• [Input]

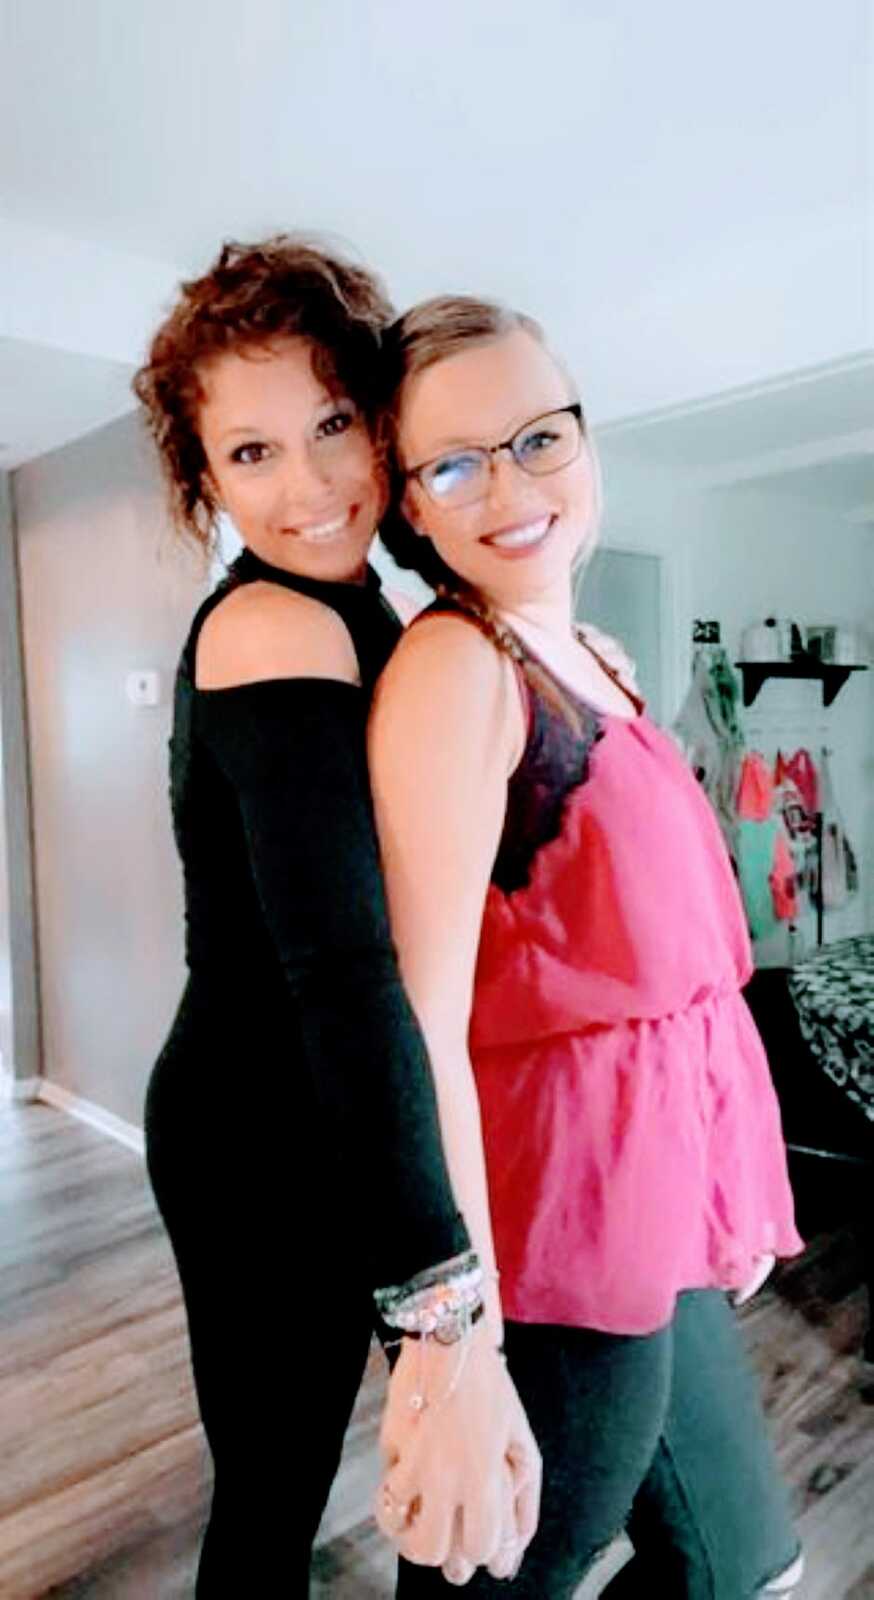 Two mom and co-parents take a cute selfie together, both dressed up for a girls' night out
* * *
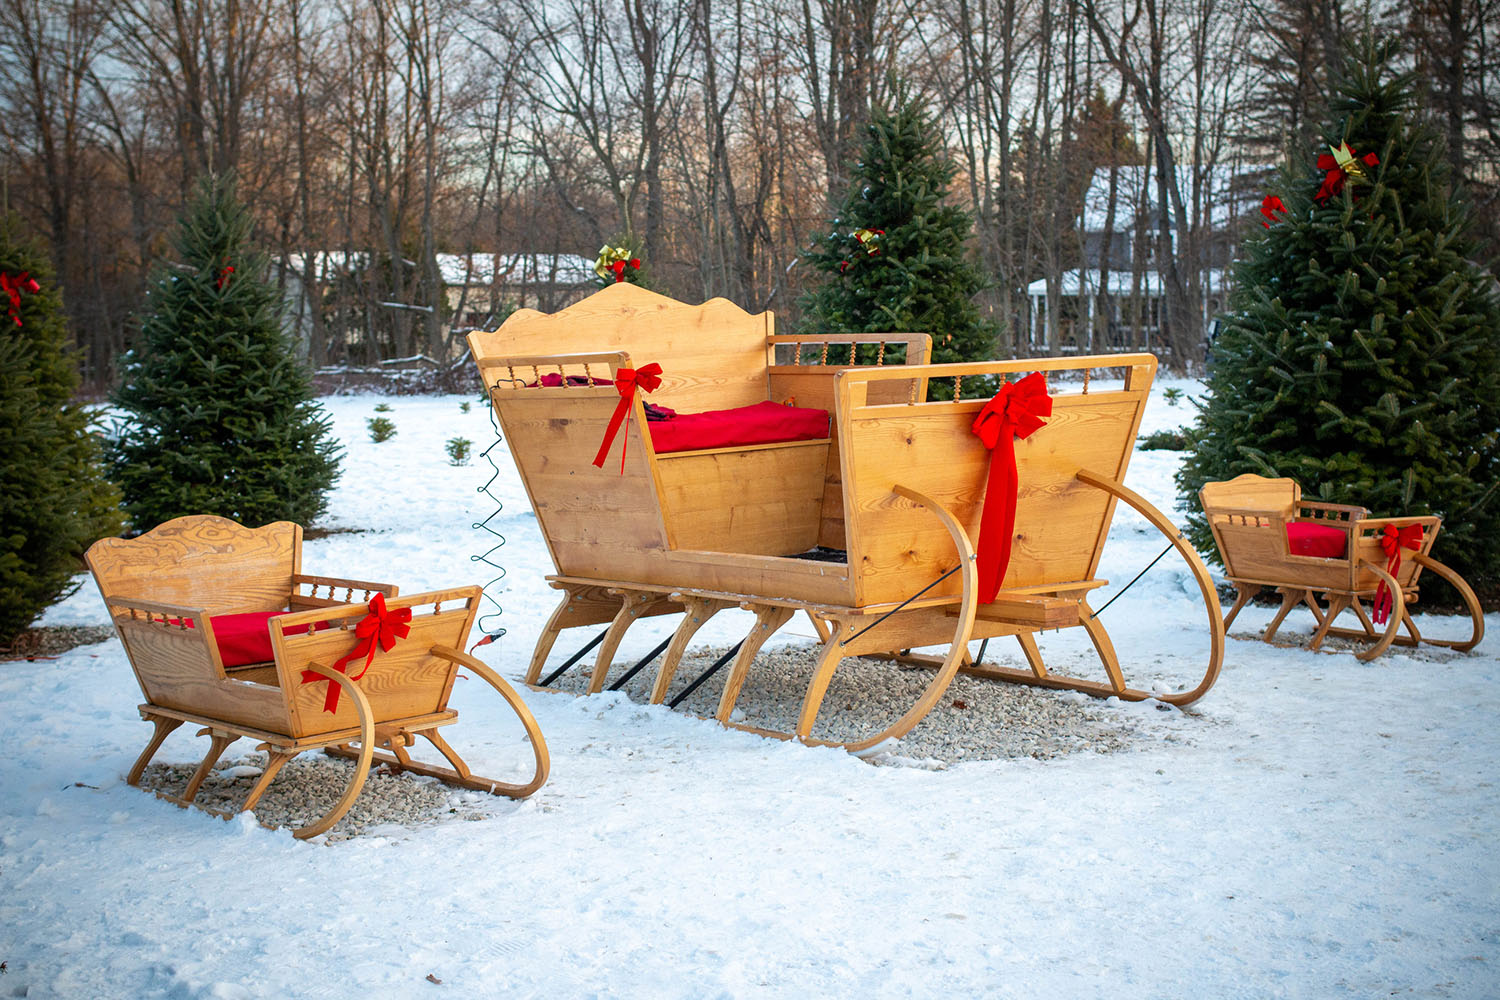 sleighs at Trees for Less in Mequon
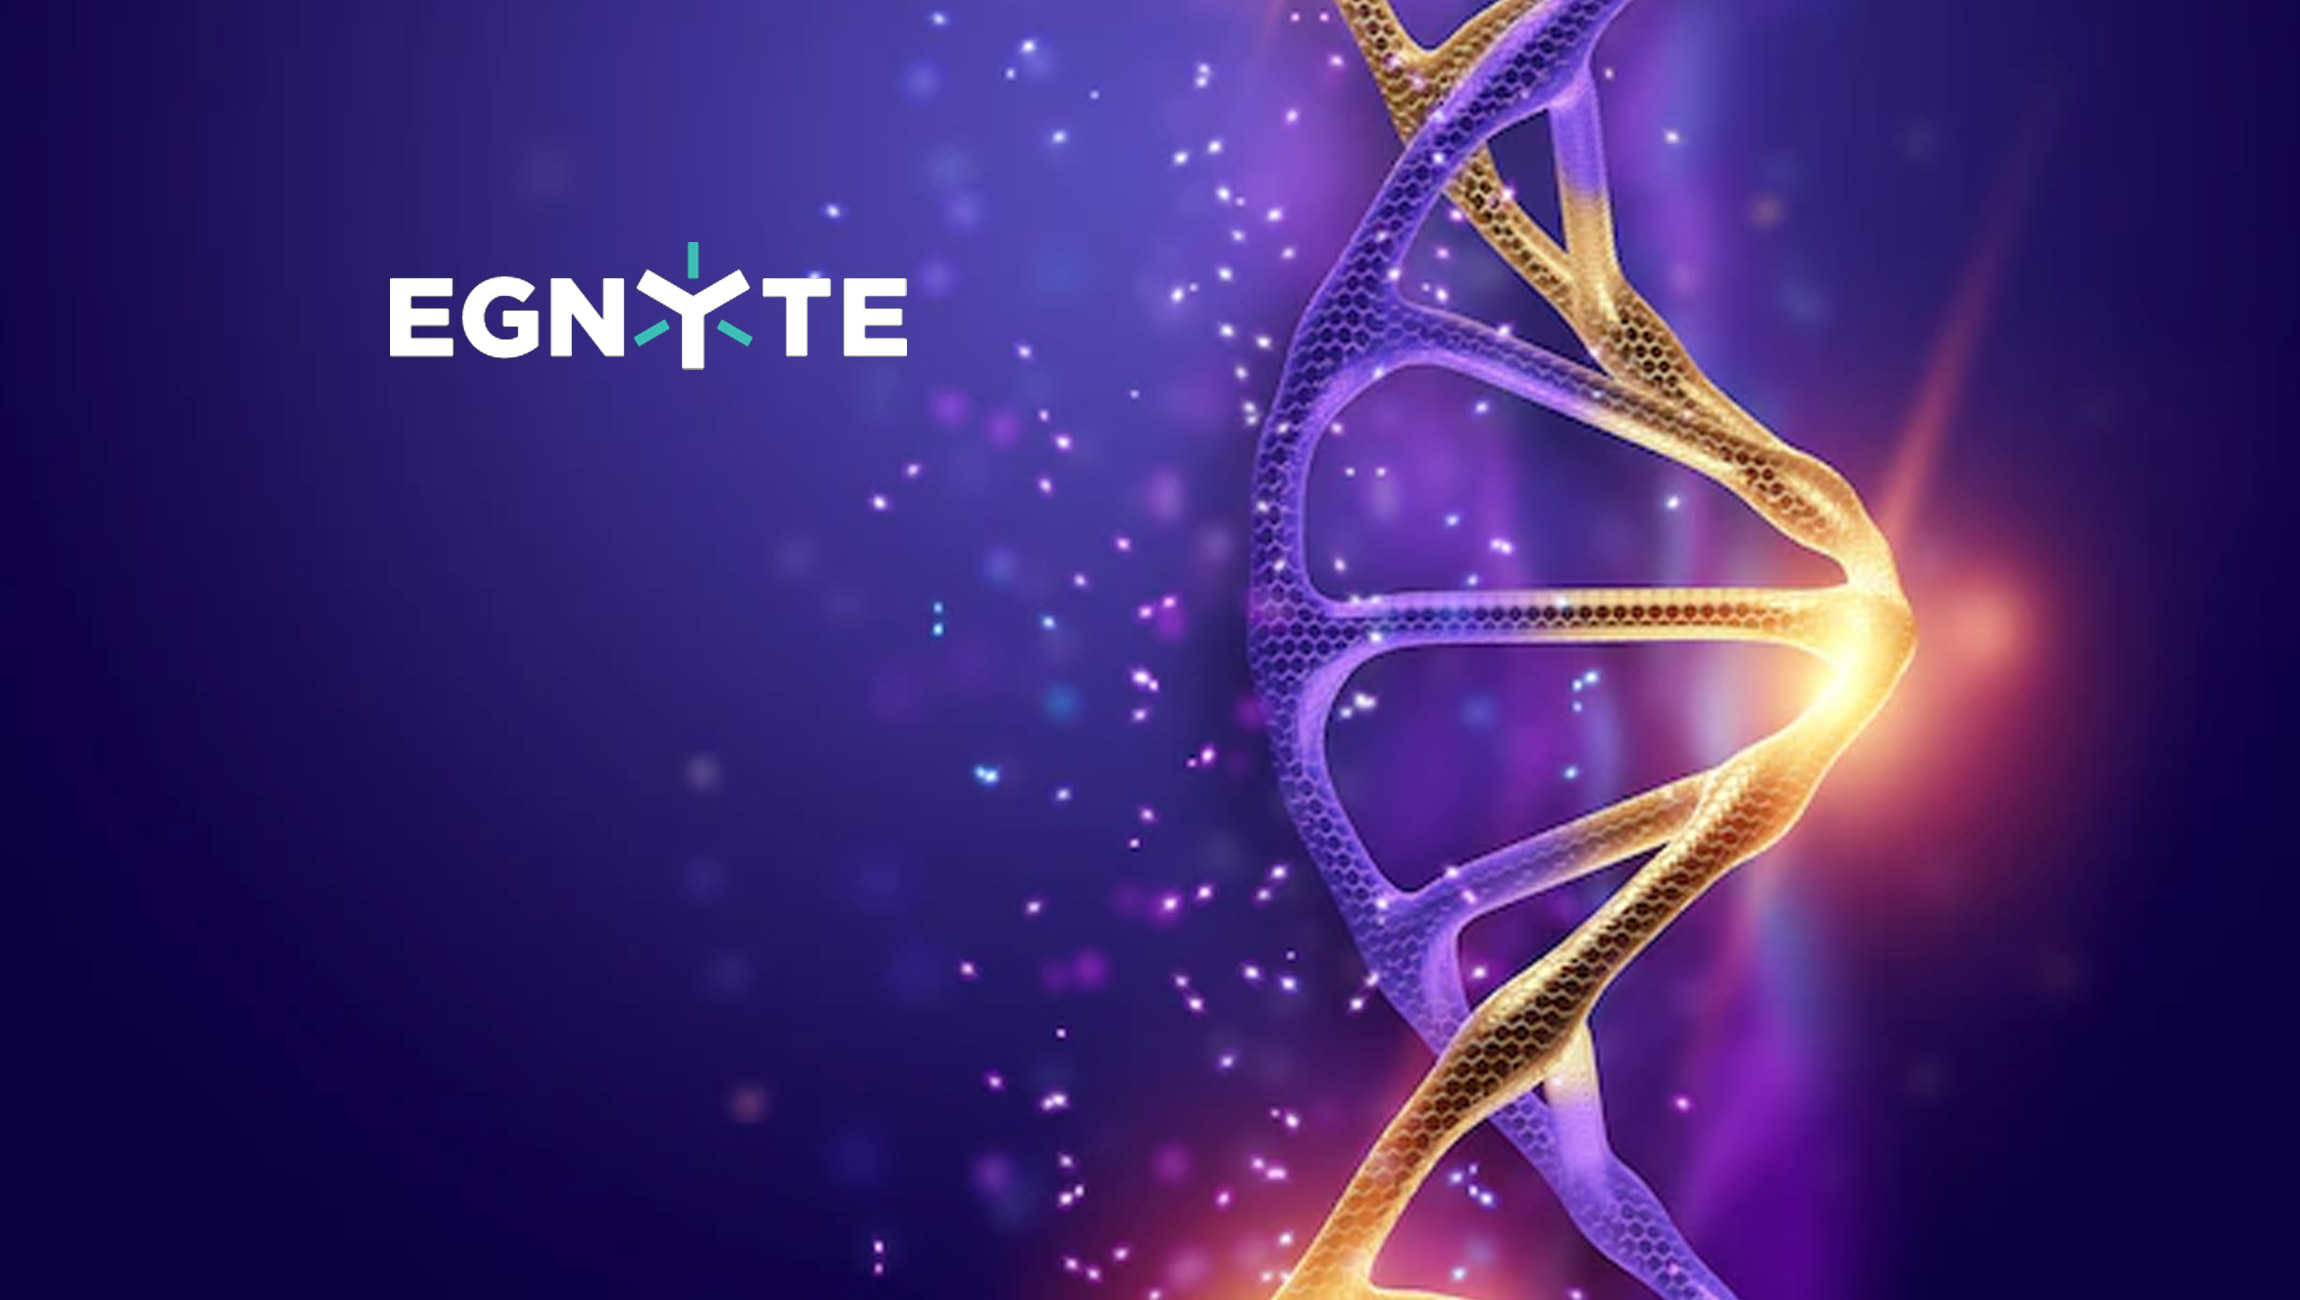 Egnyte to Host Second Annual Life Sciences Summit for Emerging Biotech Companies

• [Your assignment] Up in the listing, locate the line with "sleighs at Trees for Less in Mequon"; print it and every line after it down to the line with "Egnyte to Host", which is included too. Skip the pictures.

• [Written reply]
 sleighs at Trees for Less in Mequon
 Egnyte to Host Second Annual Life Sciences Summit for Emerging Biotech Companies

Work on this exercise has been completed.